Using the entries that follow, write out the line containing "Beroende på utrustningsgrad och", the line containing "Bolsonaro se manifesta", and every line between them, exactly and nothing else.
── INPUT DATA ──
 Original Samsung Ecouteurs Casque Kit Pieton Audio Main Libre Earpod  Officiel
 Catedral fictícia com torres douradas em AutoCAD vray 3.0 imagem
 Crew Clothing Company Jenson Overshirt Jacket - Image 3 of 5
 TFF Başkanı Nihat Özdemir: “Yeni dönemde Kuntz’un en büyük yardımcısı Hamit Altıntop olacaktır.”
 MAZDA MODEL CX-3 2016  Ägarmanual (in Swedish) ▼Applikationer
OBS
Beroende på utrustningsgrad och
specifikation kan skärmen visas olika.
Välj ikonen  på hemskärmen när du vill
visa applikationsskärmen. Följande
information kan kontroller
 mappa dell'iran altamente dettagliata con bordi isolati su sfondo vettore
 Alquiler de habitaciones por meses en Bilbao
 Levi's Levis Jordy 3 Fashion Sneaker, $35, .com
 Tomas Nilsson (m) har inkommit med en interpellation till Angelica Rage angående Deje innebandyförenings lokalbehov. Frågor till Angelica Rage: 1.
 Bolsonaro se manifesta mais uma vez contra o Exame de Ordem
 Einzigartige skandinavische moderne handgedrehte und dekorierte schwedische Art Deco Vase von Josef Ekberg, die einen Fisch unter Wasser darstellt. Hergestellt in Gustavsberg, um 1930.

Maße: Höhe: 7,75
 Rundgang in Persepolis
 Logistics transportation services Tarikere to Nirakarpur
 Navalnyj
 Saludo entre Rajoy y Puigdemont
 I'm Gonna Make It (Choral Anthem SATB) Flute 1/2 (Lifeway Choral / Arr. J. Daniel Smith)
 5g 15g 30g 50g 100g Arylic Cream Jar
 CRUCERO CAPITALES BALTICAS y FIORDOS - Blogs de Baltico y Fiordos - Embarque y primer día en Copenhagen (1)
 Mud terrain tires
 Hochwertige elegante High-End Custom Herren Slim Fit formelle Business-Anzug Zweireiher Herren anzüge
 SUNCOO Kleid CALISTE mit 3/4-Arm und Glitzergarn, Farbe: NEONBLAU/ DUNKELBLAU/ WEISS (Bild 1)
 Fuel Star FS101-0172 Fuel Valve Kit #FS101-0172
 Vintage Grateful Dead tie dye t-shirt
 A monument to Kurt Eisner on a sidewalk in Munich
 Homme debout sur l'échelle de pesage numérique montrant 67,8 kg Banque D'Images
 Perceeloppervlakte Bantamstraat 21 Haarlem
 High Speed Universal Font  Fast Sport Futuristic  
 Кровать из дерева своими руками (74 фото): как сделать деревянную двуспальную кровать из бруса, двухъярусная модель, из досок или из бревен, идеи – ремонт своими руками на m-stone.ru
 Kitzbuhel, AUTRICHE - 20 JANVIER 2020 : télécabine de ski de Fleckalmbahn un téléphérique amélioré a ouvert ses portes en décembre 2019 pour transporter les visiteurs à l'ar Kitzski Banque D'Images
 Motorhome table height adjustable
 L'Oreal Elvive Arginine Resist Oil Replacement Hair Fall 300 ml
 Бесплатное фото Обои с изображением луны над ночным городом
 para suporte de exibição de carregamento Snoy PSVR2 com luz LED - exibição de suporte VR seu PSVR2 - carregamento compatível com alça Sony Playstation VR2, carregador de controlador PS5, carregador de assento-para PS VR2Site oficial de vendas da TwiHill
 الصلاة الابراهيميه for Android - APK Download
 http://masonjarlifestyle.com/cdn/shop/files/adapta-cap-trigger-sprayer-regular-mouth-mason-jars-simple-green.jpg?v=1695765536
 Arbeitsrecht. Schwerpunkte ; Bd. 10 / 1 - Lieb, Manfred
───
### RESULT BELOW
Beroende på utrustningsgrad och
specifikation kan skärmen visas olika.
Välj ikonen  på hemskärmen när du vill
visa applikationsskärmen. Följande
information kan kontroller
 mappa dell'iran altamente dettagliata con bordi isolati su sfondo vettore
 Alquiler de habitaciones por meses en Bilbao
 Levi's Levis Jordy 3 Fashion Sneaker, $35, .com
 Tomas Nilsson (m) har inkommit med en interpellation till Angelica Rage angående Deje innebandyförenings lokalbehov. Frågor till Angelica Rage: 1.
 Bolsonaro se manifesta mais uma vez contra o Exame de Ordem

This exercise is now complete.